# DIRECTIONS FOR THIS TASK:
Although the records include pictures, print only the rest, exactly as written.

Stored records
..............................

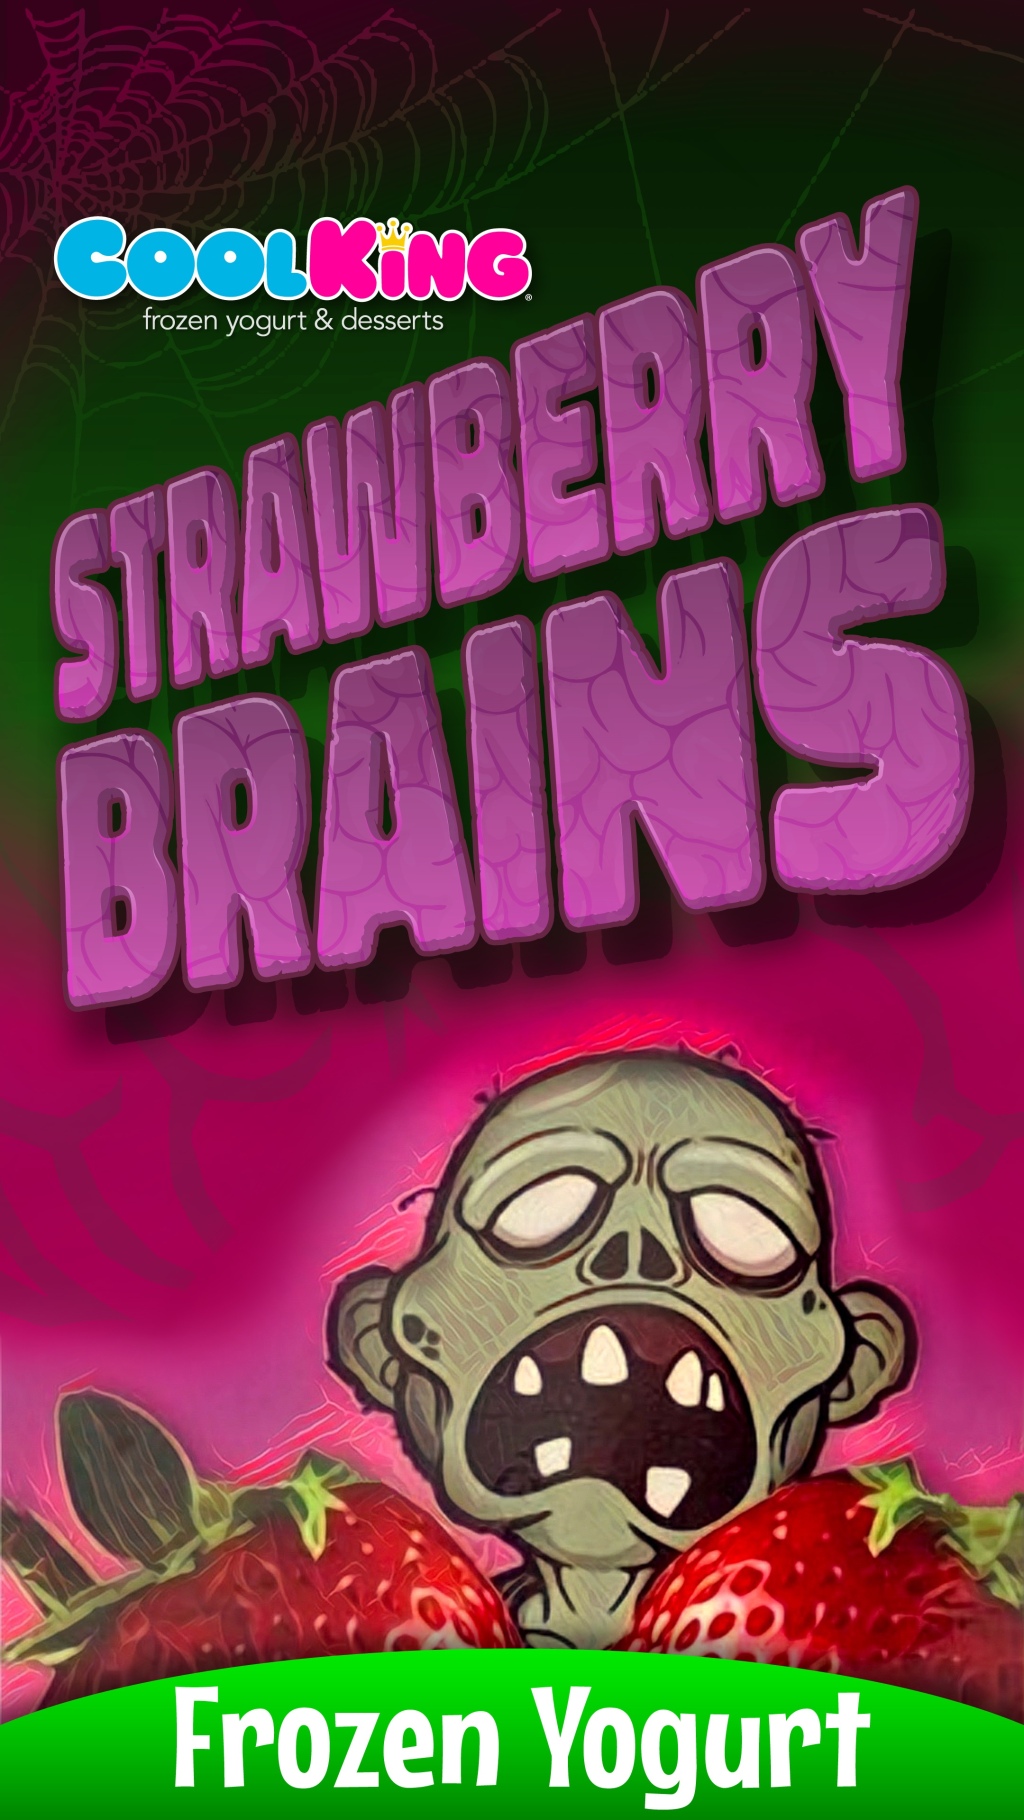 Cool King® “Strawberry Brains” Advertisement & Story
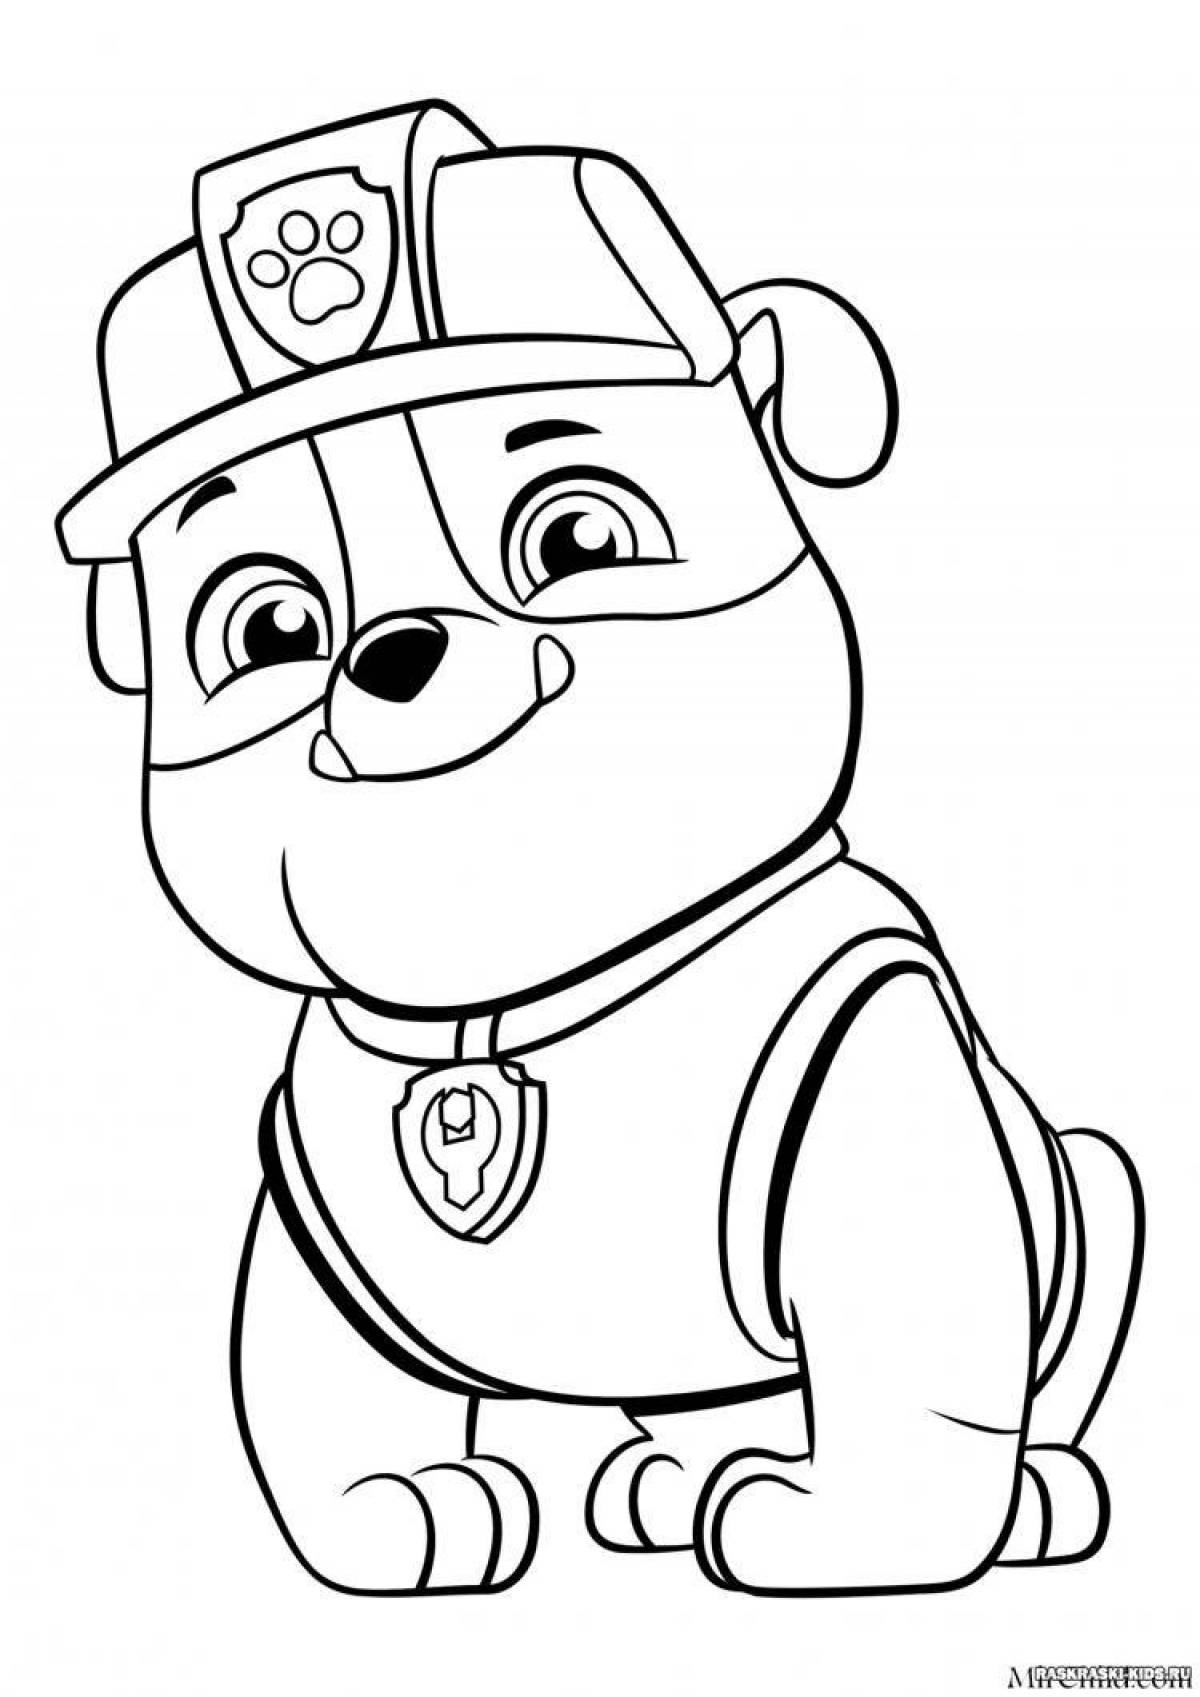 Witty Paw Patrol coloring book
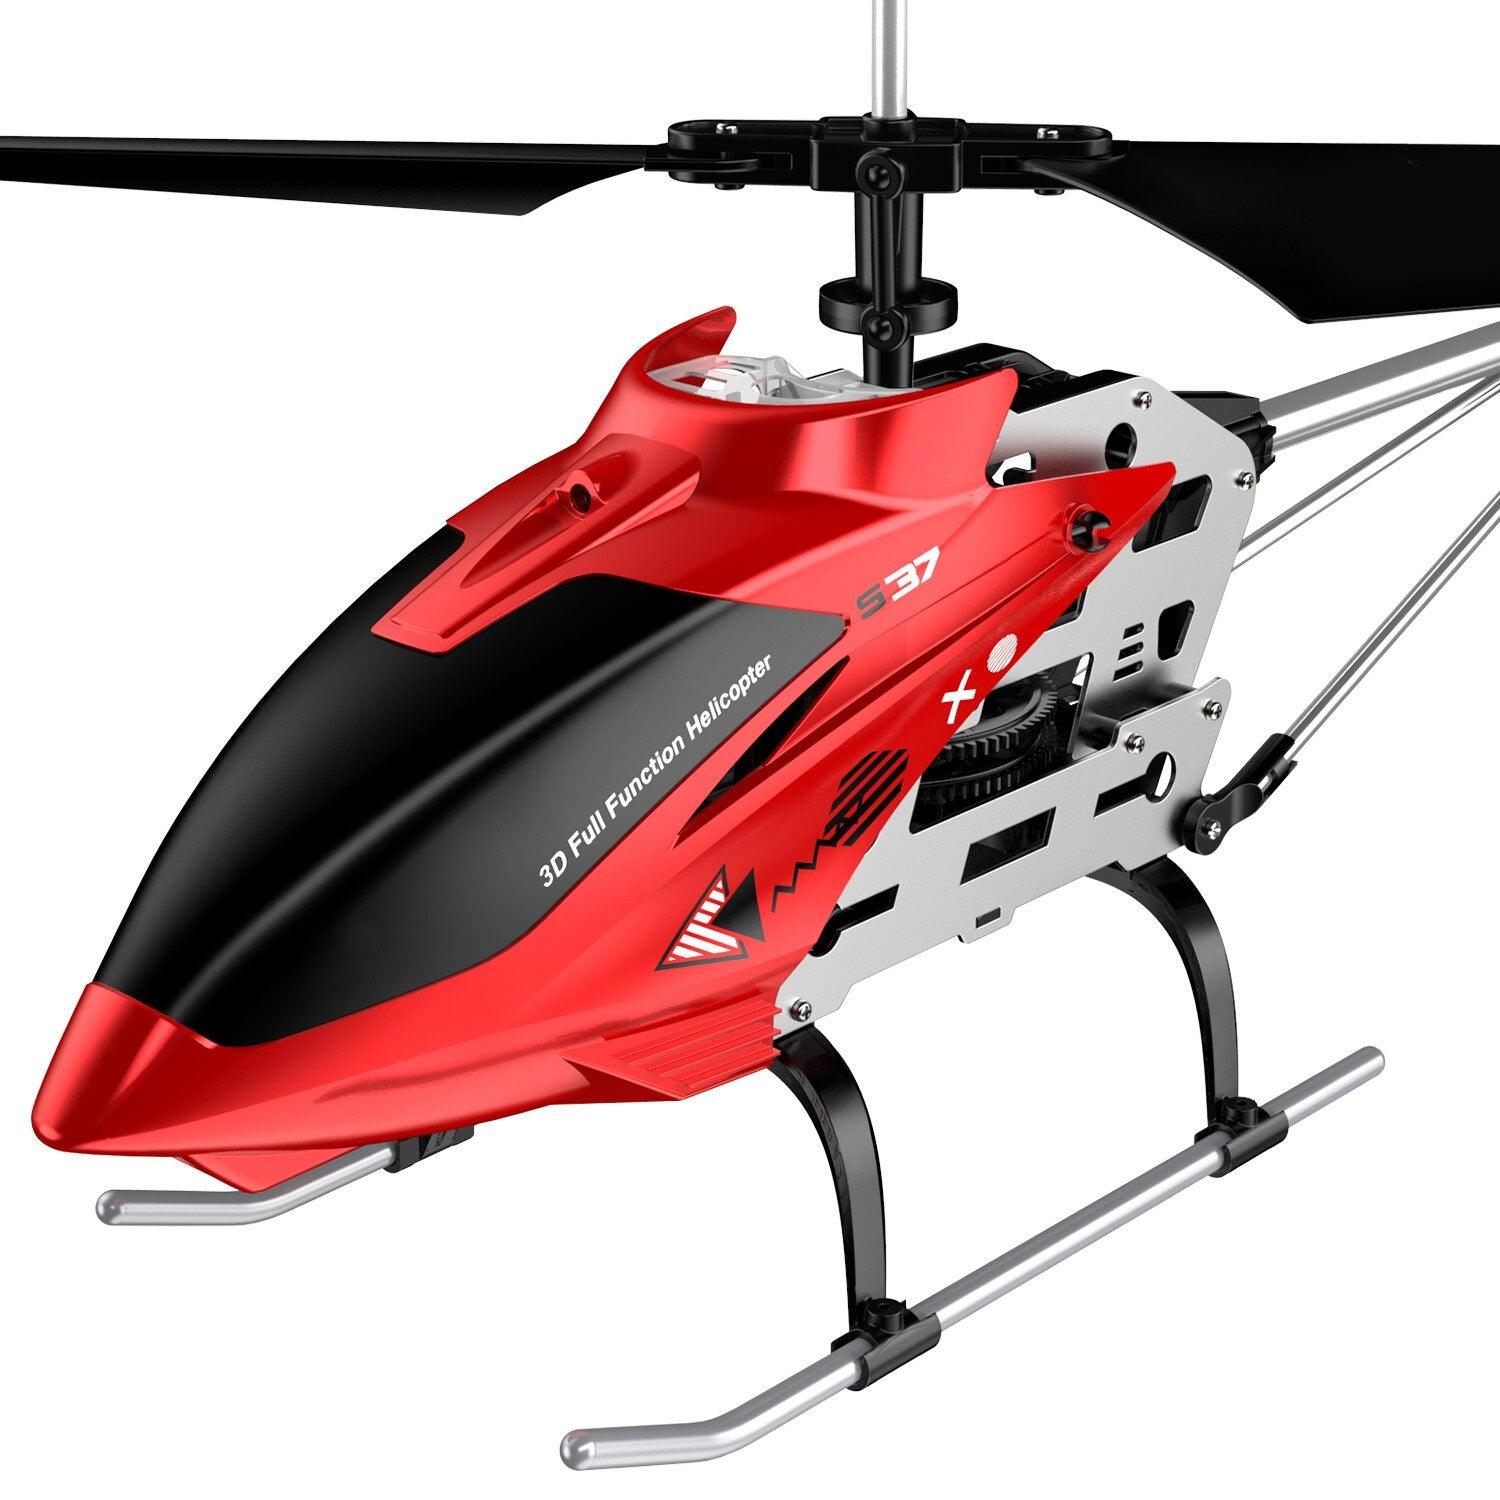 SYMA RC Helicopter S37 Aircraft - with Altitude hold, 3.5 Channel
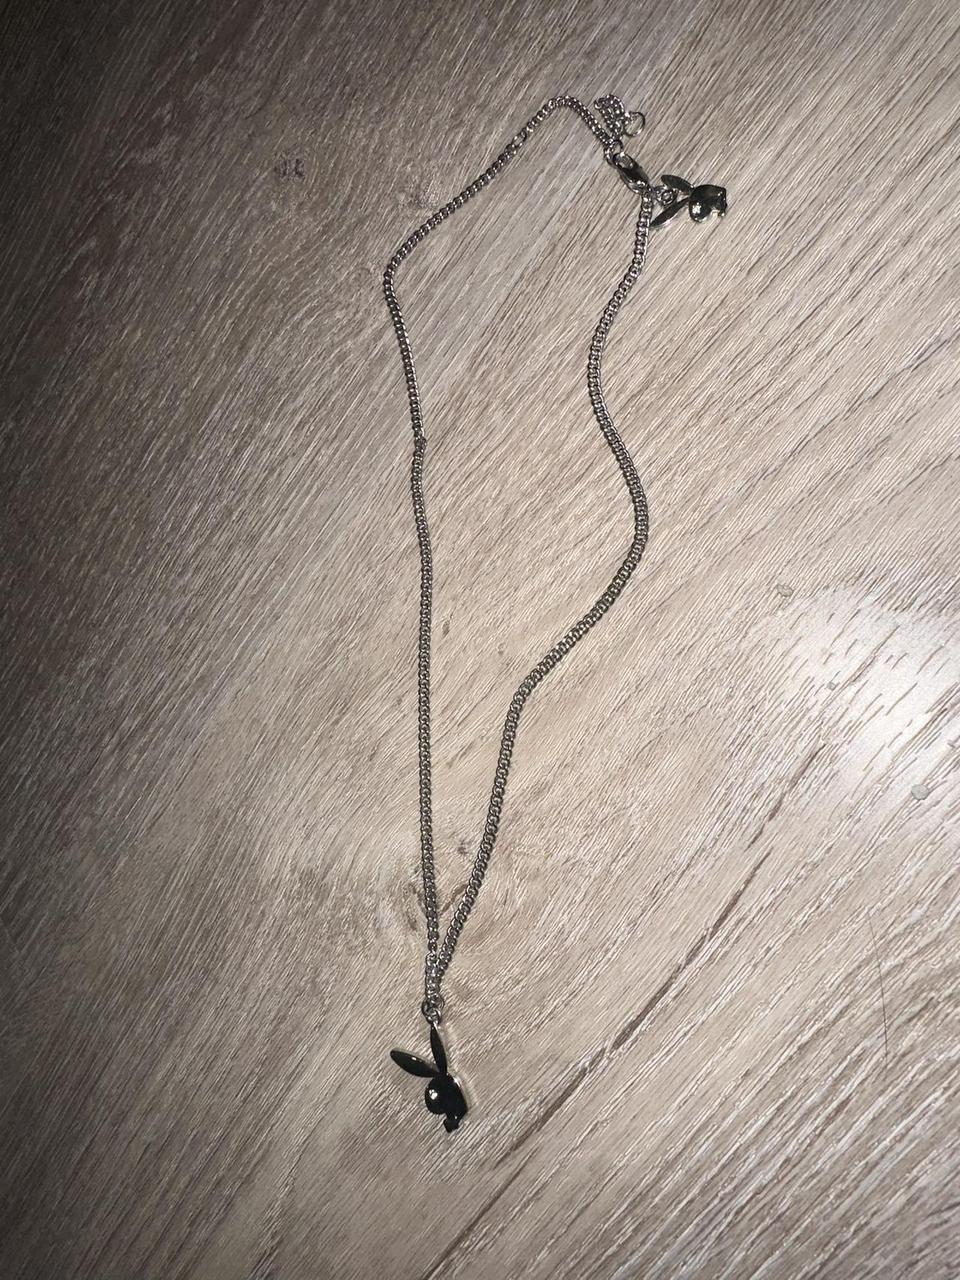 Misguided Playboy bunny silver necklace perfect... - Depop
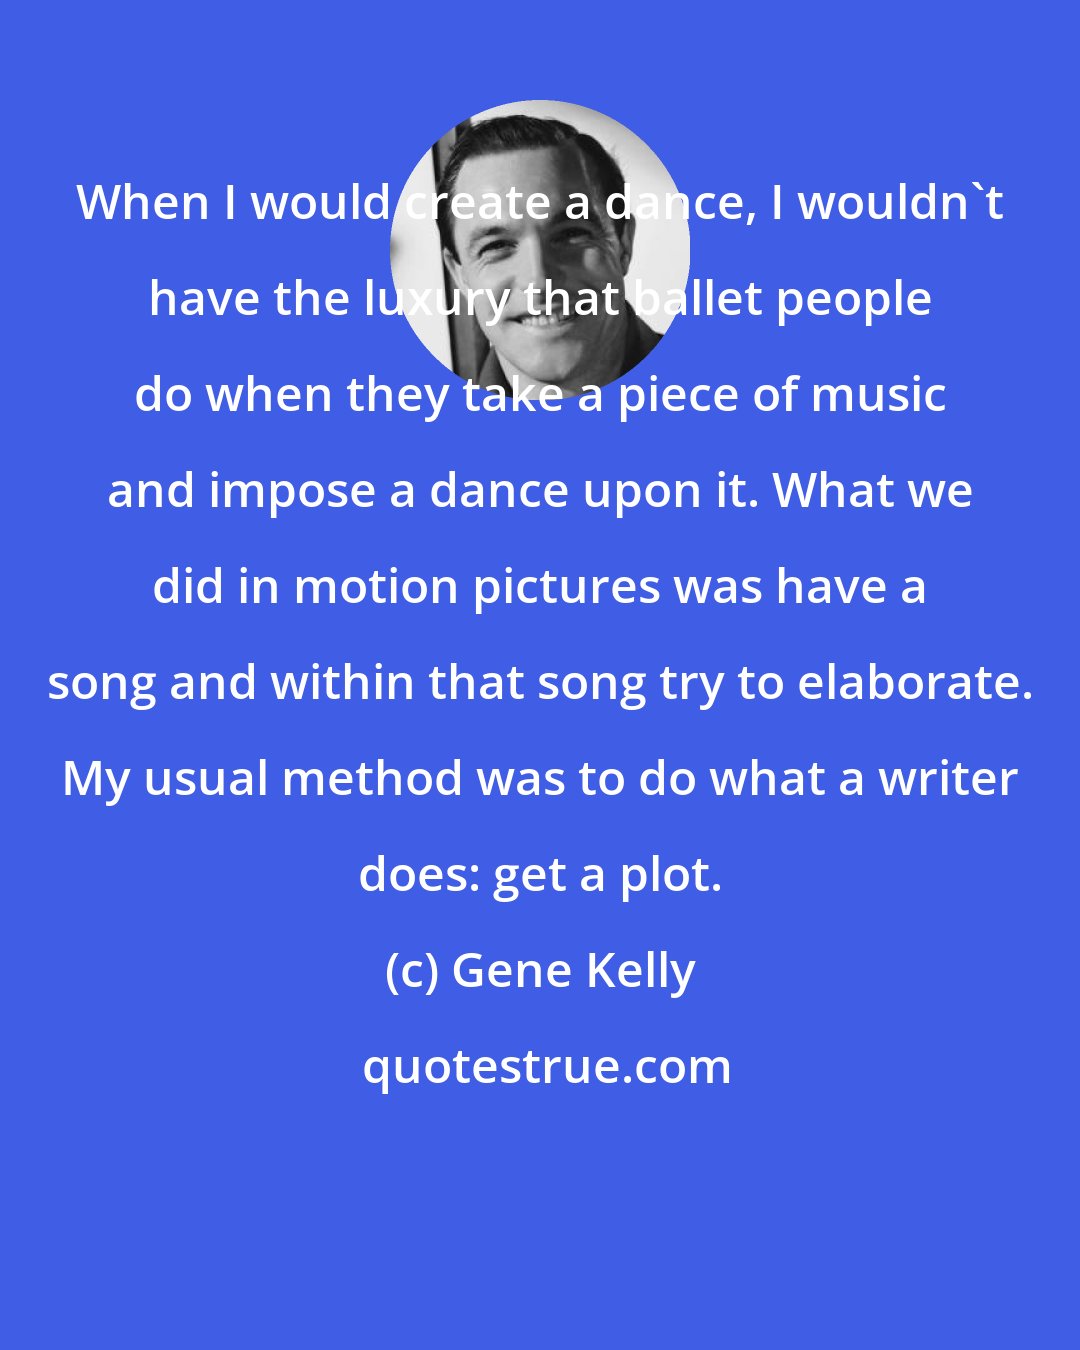 Gene Kelly: When I would create a dance, I wouldn't have the luxury that ballet people do when they take a piece of music and impose a dance upon it. What we did in motion pictures was have a song and within that song try to elaborate. My usual method was to do what a writer does: get a plot.

..............................

# TASK ANSWER:
 Cool King® “Strawberry Brains” Advertisement & Story
 Witty Paw Patrol coloring book
 SYMA RC Helicopter S37 Aircraft - with Altitude hold, 3.5 Channel
 Misguided Playboy bunny silver necklace perfect... - Depop
 Gene Kelly: When I would create a dance, I wouldn't have the luxury that ballet people do when they take a piece of music and impose a dance upon it. What we did in motion pictures was have a song and within that song try to elaborate. My usual method was to do what a writer does: get a plot.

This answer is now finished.